AI is not a futurist trend, it is real and it is part of our lives already. AI is not only about e-commerce, it evolves the whole textiles approach. It brings a huge potential in every part of the supply chain: producers, intermediaries, fashion corporations and consumers. For example, AI can be used for fibre producers to control their cotton fields, using sensors to know in real time ground temperatures, manage water exposure, etc. Also, AI is used to manage and optimise risk in the supply chain by geolocating products and automated decisions in real time by machines, because those machines have been trained through millions of datasets to take autonomous decisions without human supervision.

Players who have realised the potential and effectiveness of these technologies are the ones that are successful. Early adopters are optimising their resources and creating great value at the last link in the chain, which are the consumers having tailor products in a specific period of time and great experiences.

TT: What is the scope of Internet of Things (IoT) in the textiles industry?

The Internet of thing (IoT) is another concept that has earned a place in retail; knowing and managing  product status in real time, connecting things that beforehand would not be connected as a piece of clothing have become subjects of immense interest for textile players. IoT is already delivering an ideal scenario for textile corporations and at the moment no limitations are foreseen. The end goal is to bring the things we use in day-to-day life over a network that can be accessed across the world over the internet. This means every piece of clothing or gadget will be connected without human interaction.

TT: Apart from AI, IoT, etc, what other things is your institute focusing on?

Our school is focusing on deep learning, which is a class of AI that involves feeding into a computer system a lot of data, creating algorithms in neuronal networks. It can be used to make decisions about other data in an autonomous way. We are using deep learning to focus on customers. The customer-centric model is at the core of our research across industries, especially in the textiles industry where competitiveness is wild. It is fundamental knowing about customer behaviour. We use neuromarketing techniques such as galvanic skin response, electroencephalography or eye tracking to study and understand customers mind process and be able to impact in the right moment (moments of truth) where the customer is taking a decision to like or dislike something in the customer journey.

TT: How is your syllabus engineered to inculcate the spirit of innovation in students?

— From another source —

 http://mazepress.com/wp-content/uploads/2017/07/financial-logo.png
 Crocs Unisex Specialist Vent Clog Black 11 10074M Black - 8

Our approach is innovative from an educational point of view. We have broken the barriers between traditional education and the business world. Our students work closely with companies helping them to give a solution to their problems, like if our students were members of the business team and using different methodologies for the approach as design thinking, lean start up, etc. We run labs and master classes with recognised professionals and researchers, where students have the opportunity to interact, experiment and discover trends, technologies or methodologies. Esbiedu, offers the opportunity to go on a trip and explore the innovative network of a country and discover relevant work. We strongly believe that the best way to learn is by experiencing.

TT: How can IoT be used in fashion retail?

Creativity is the only barrier for IoT. There are multiple uses in this field and it is an area that offers huge opportunities to explore. Business-wise there are new ways of working that will lead to more business knowledge. Intelligent tagging in pieces of clothing to discover customer behaviour is an example of how companies will understand customers and will take better business decisions. Interaction between clothes and us is another use of IoT as a body regulator. Clothes can monitor the user's body and be adjusted to the body's needs. Even interaction between pieces of clothing can be addressed as an example of use of IoT. Clothes could communicate with other clothes or even clothes that are worn by someone else and take automated decisions without involving people.

Published on: 20/05/2017

DISCLAIMER: All views and opinions expressed in this column are solely of the interviewee, and they do not reflect in any way the opinion of technicaltextile.net.